Data Science
“Data Science” has become a buzzword everybody have heard of – but not many really know what it designates. It is a global term representing all the methods to extract information from data. The methods can be of various type – scientific, algorithmic, the data can come from various source and under various format.
Data Science is a broad term. Within the project “Data Quality Explored” (QuaXP), we offer a course to give the tools for beginners and advanced learners to understand and study a part of the field: Data Quality for Machine Learning. Machine Learning is the part of Data Science which deals with solving problems from data using algorithms. It is an automated task, and the main issue for the scientist is to understand how the algorithm works, meaning how it uses the data that are fed to it and how it can be improved. To get a better idea about the course, visit the announcement post on the HOOU blog.
Why should Data Science be accessible for everybody? An example
We now got an idea of Data Science as a high scientific topic, mainly aimed to researchers, mathematicians and computer scientists.
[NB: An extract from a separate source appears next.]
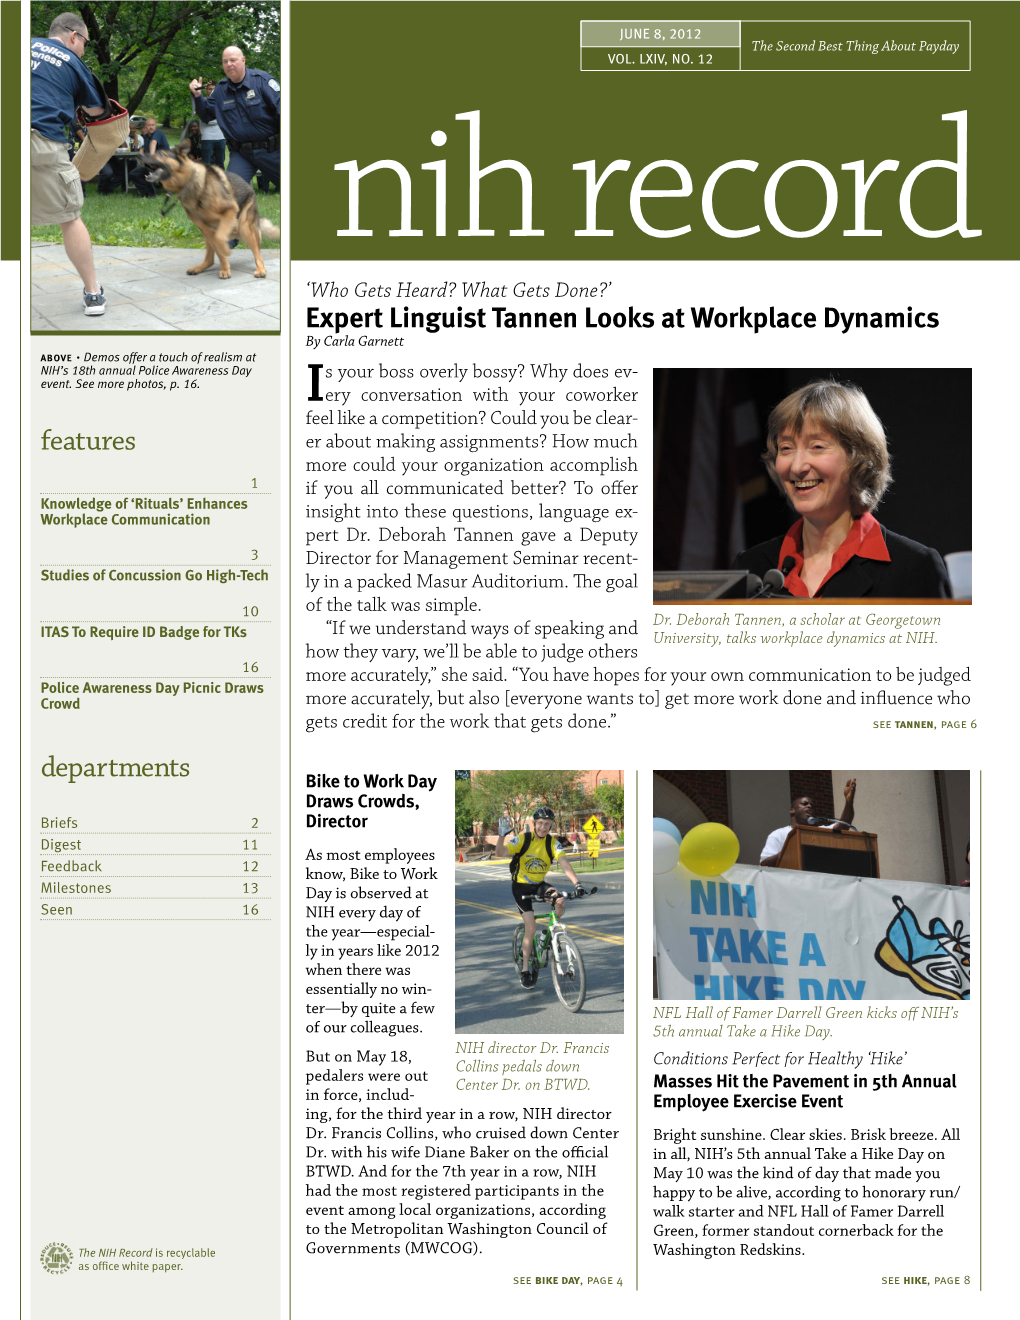 June 8, 2012, NIH Record, Vol. LXIV, No. 12
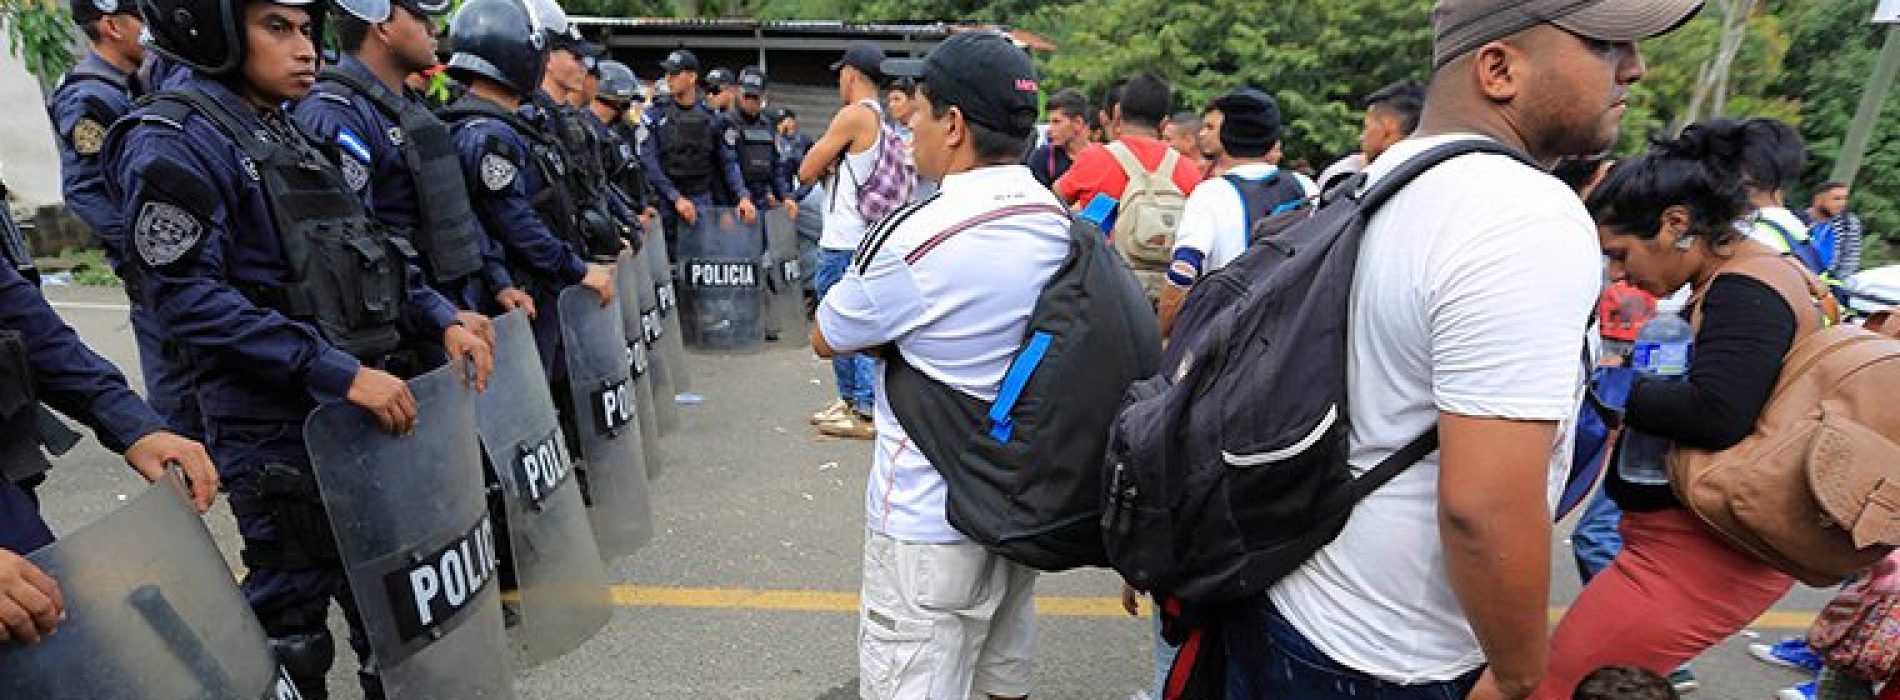 Guardia Nacional y migrantes chocan en frontera con Guatemala

However, the numerous applications of Data Science in our daily life makes it a concern to everyone.
Many current societal applications exploit the potential of data science and the big amounts of data available. Sometimes, those applications can lead to weird or even shocking results.
In 2016, an international beauty contest took place online: Beauty.AI had the particularity to let machine learning algorithms decide on the winners. The idea was to get free of any human bias in the perception of beauty, the project being used later for gauging health from a picture of the face.
This is a collection of the 44 winners of this international beauty contest (source: beauty.ai):
As we can see, despite the contest being international, a vast majority of the winners is light-skinned. Not so much of a judgment “free of bias”.
This happened because the data the “judges” were trained on did not have enough dark-skinned photos to develop a pattern over them, and considered them as an exception.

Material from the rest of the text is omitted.